Todavía en la gestión del presidente Sebastián Piñera, en una reunión virtual, el canciller de Chile, Rodrigo Yáñez, expresó a la delegación boliviana la predisposición del gobierno chileno a firmar un acuerdo marco de cooperación para la lucha contra el contrabando.
Hace unos cuatro años escribía que, ante una eventual negociación bilateral sobre el tema marítimo, el país no debe encerrarse en una sola opción, sino presentar diversas posibilidades creativas para resolver la mediterraneidad. Entre algunas están:
– Arica tripartita.- Sugiere un área territorial donde Bolivia, Chile y Perú tengan presencia equitativa.
– Canje territorial.- De esta forma Chile no vería reducido su territorio y Bolivia tendría una salida al mar.

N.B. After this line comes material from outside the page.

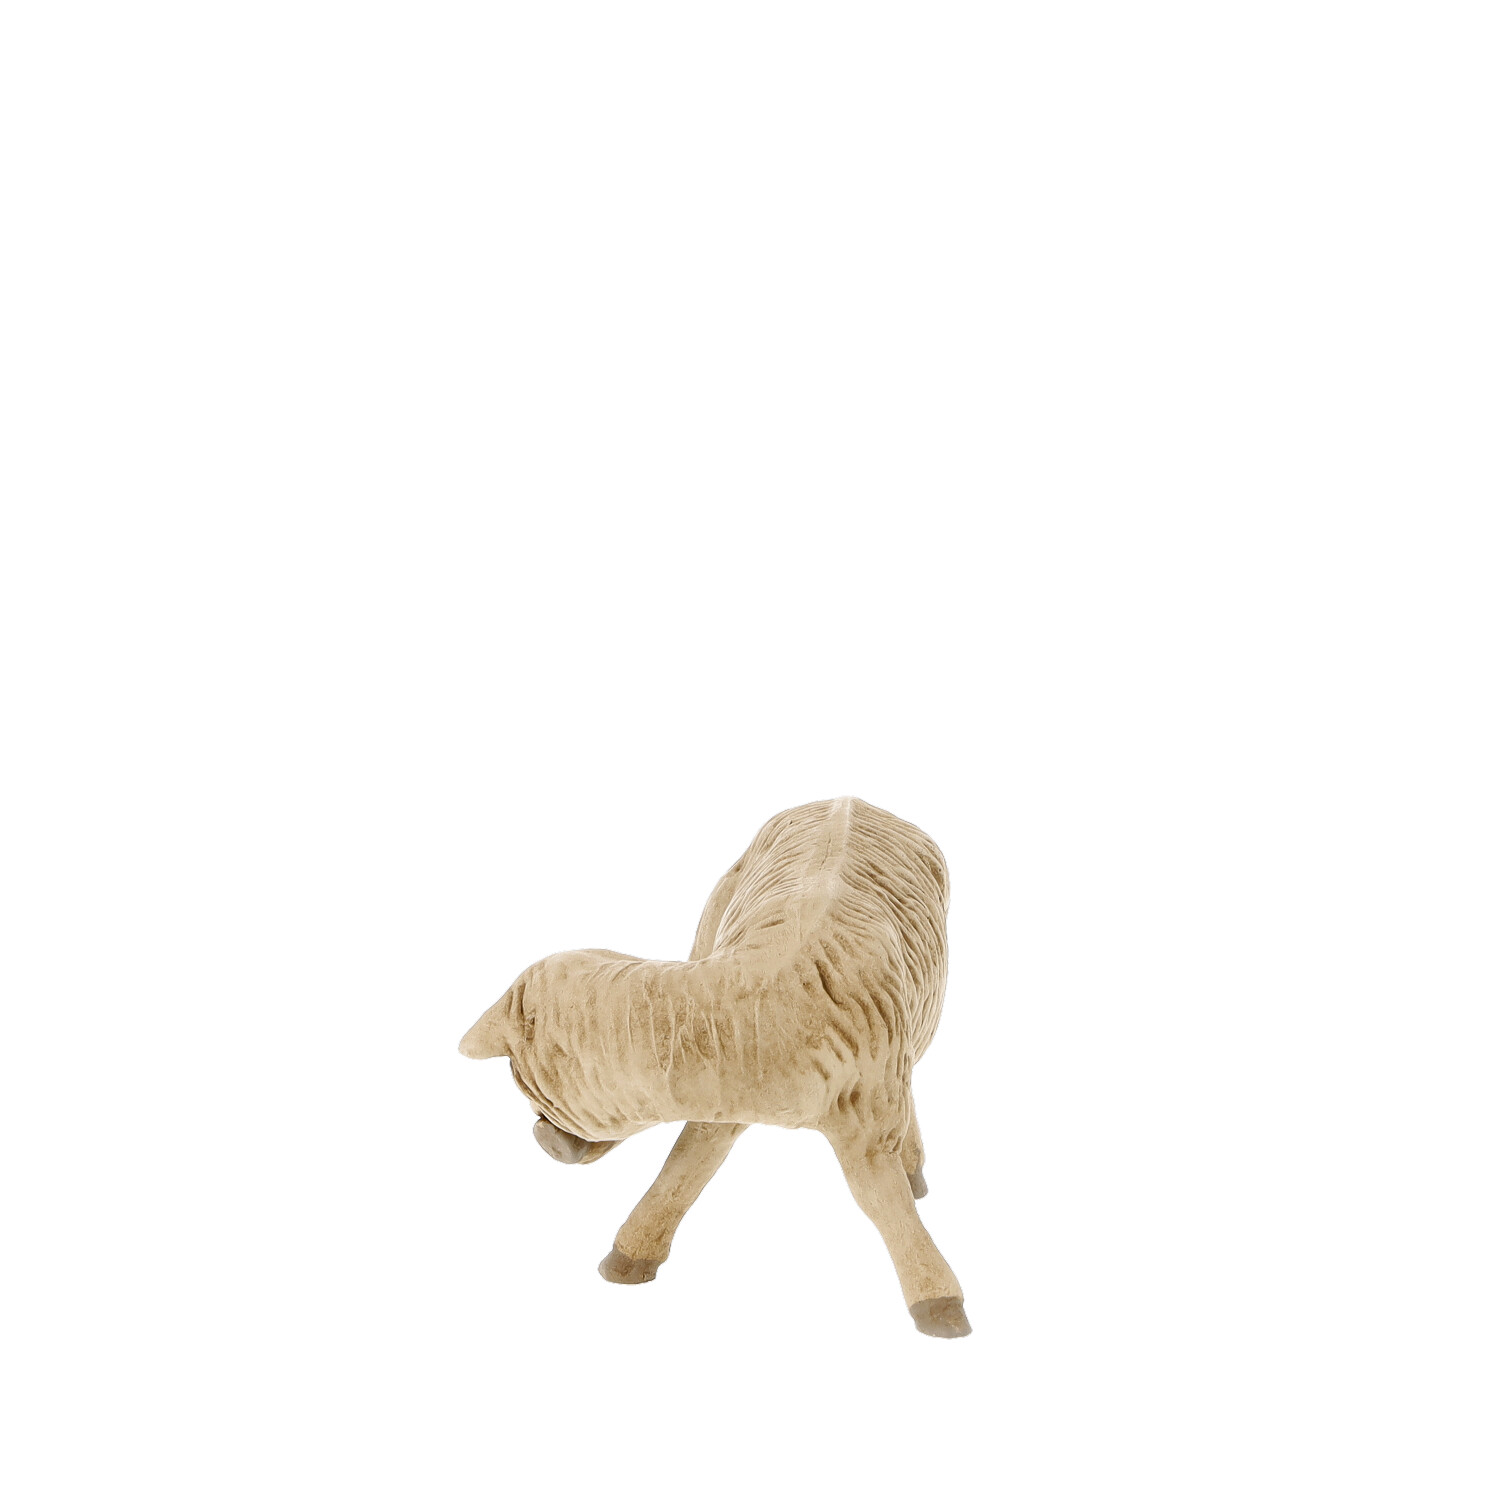 Sheep licking leg - Marolin Nativity figure - made in Germany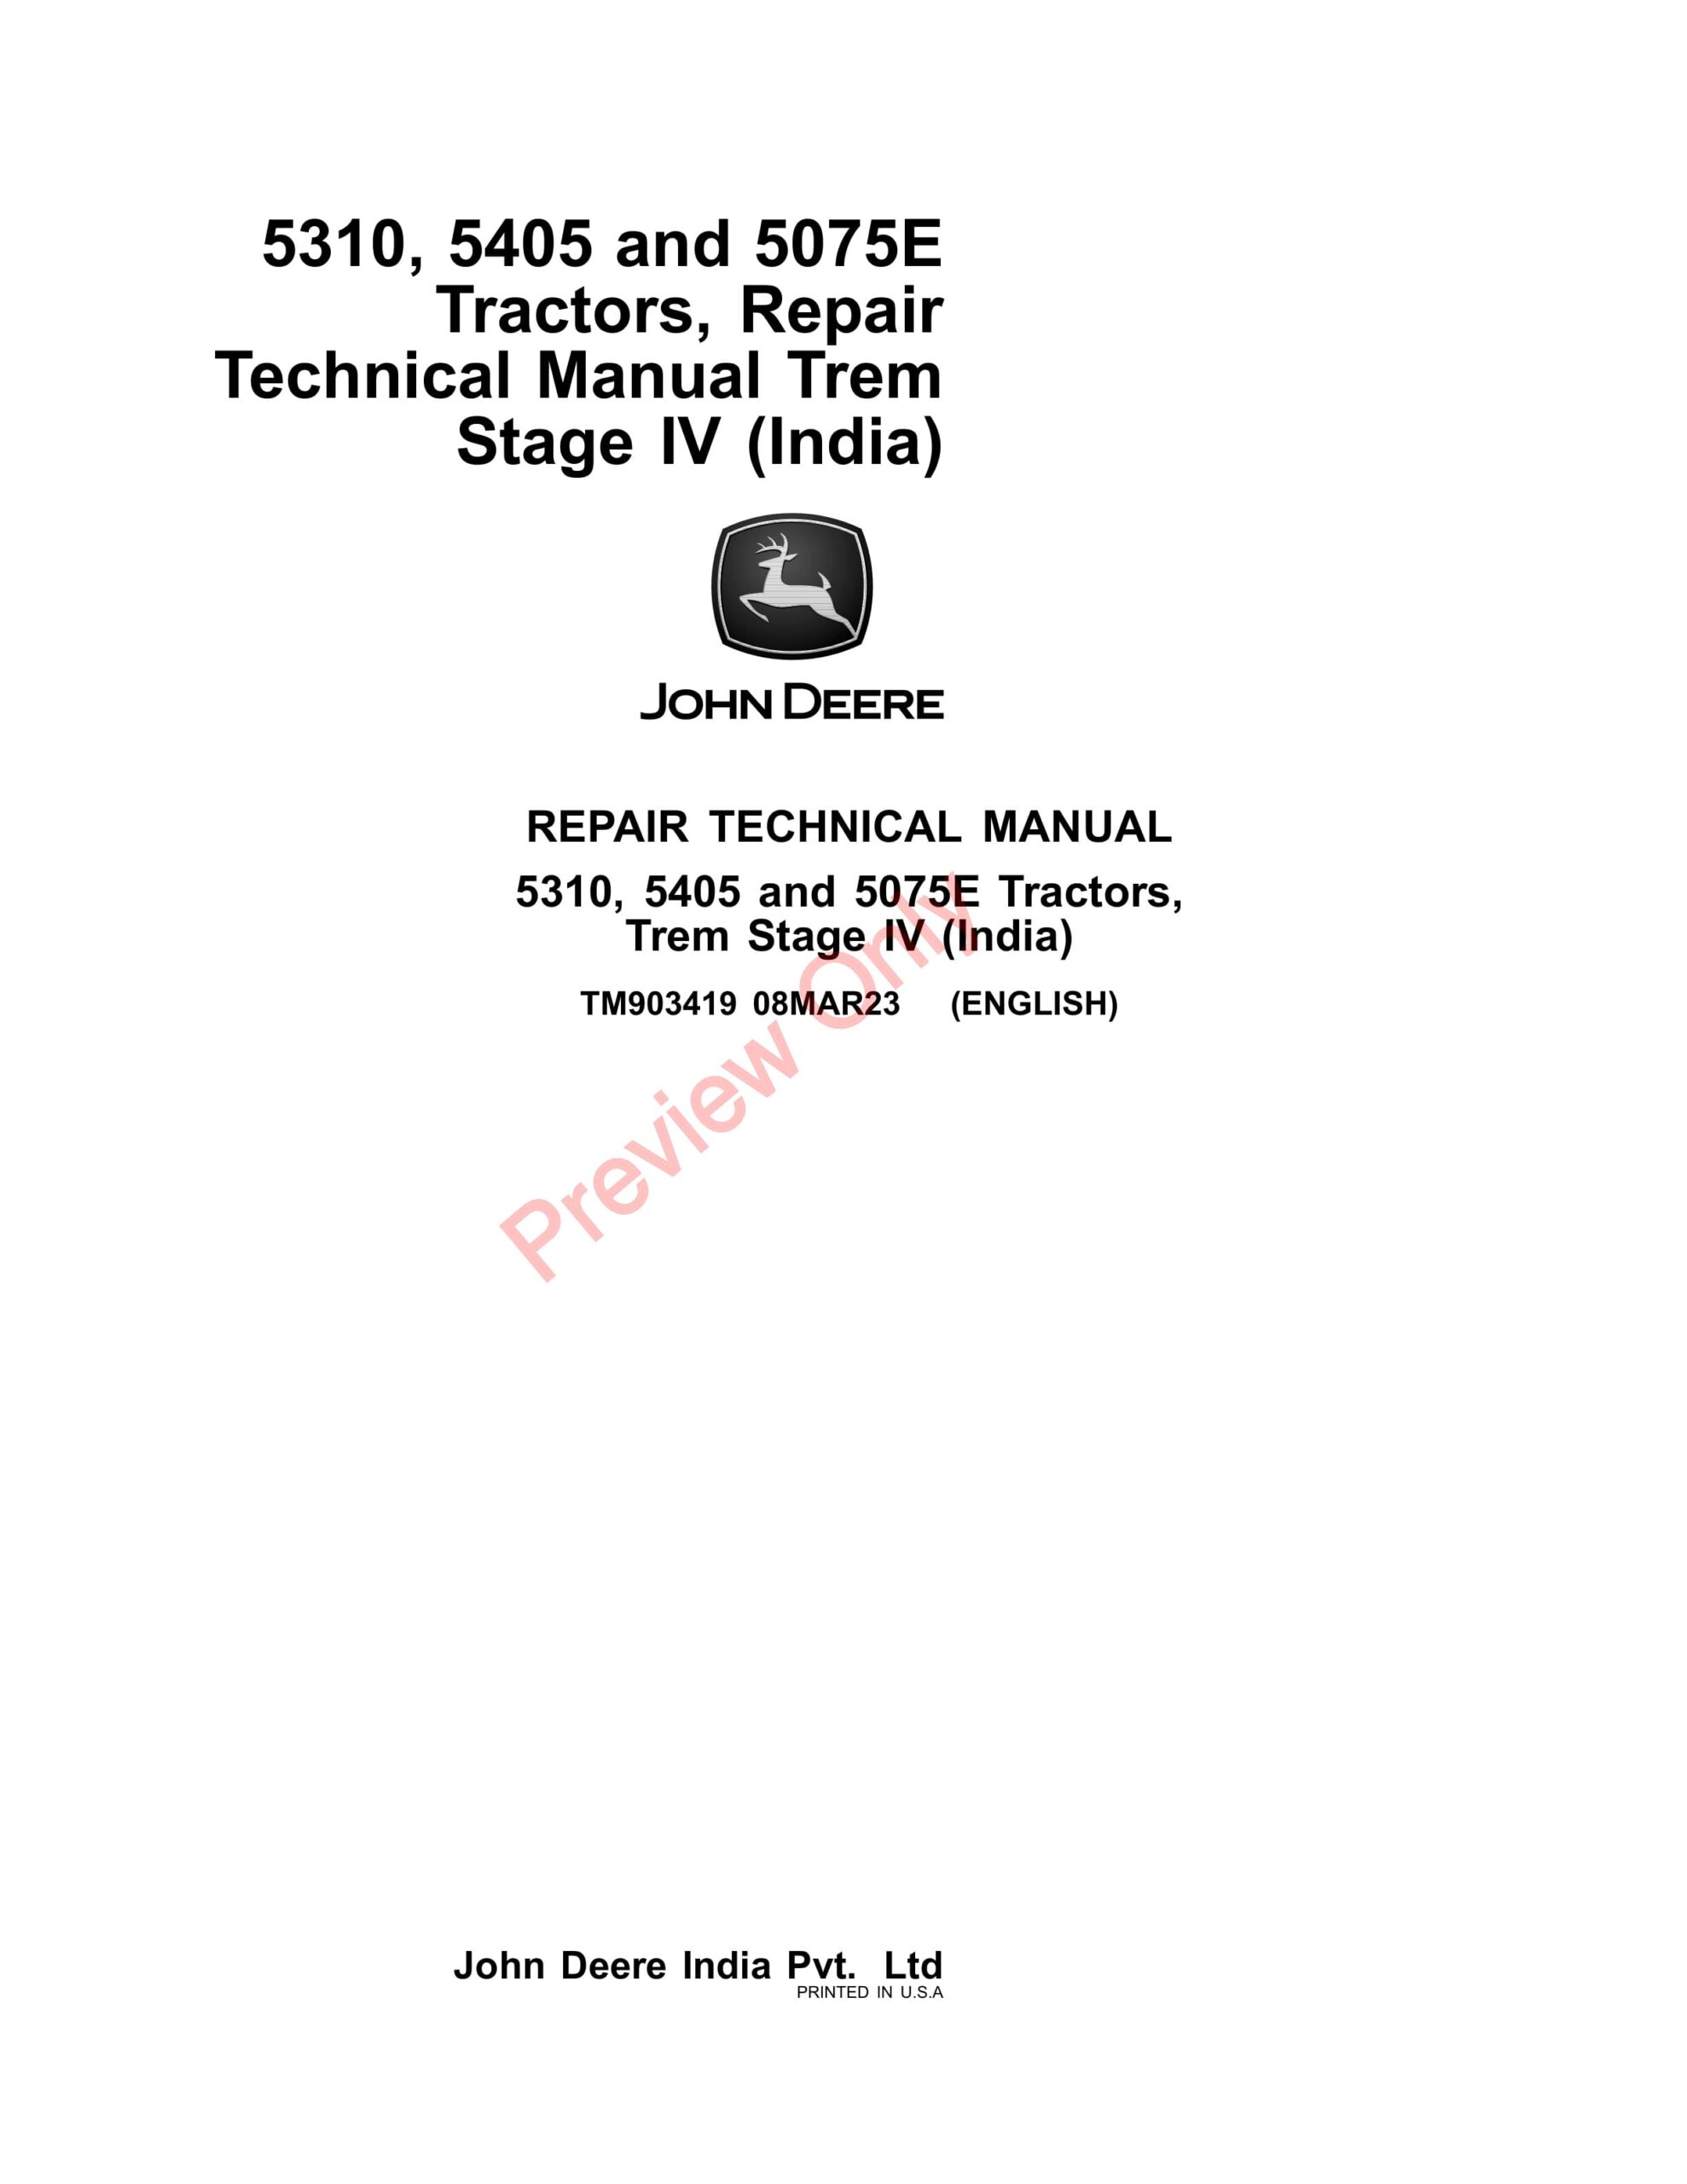 John Deere 5310, 5405 and 5075E Tractors BS4 (India) Repair Technical Manual TM903419 08MAR23-1

– Supremacía territorial.- Permitiría a Bolivia acceder a un territorio marítimo sin que Chile pierda la soberanía, sobre una franja de 3.400 Km, entre la Línea de la Concordia y el ferrocarril Arica-La Paz.
– Enclave con soberanía.- Plantea un enclave con soberanía en la comuna costera de Huara, Región de Tarapacá, junto a la quebrada de Tiliviche. Debe estar vinculado por vía férrea, viaductos y carreteras.
– Enclave sin soberanía.- La expresidenta chilena Bachelet consideró un enclave en la provincia Tarapacá, de unos 28 Km de costa, al sur de la quebrada de Camarones y el norte de Iquique, sin ceder soberanía a Bolivia.
No nos encasillemos en una idea fija para resolver el tema del mar para Bolivia. Busquemos soluciones imaginativas, como decía en una nota a principios de este año al citar como ejemplo dos casos: el Vaticano es un Estado dentro de una ciudad; Hong Kong llegó a tener un estatus especial alejado del modelo político y social del resto de China.

El autor es Economista, doctorado Ph.D. en Relaciones Internacionales y Académico de Número de la ABCE (Academia Boliviana de Ciencias Económicas).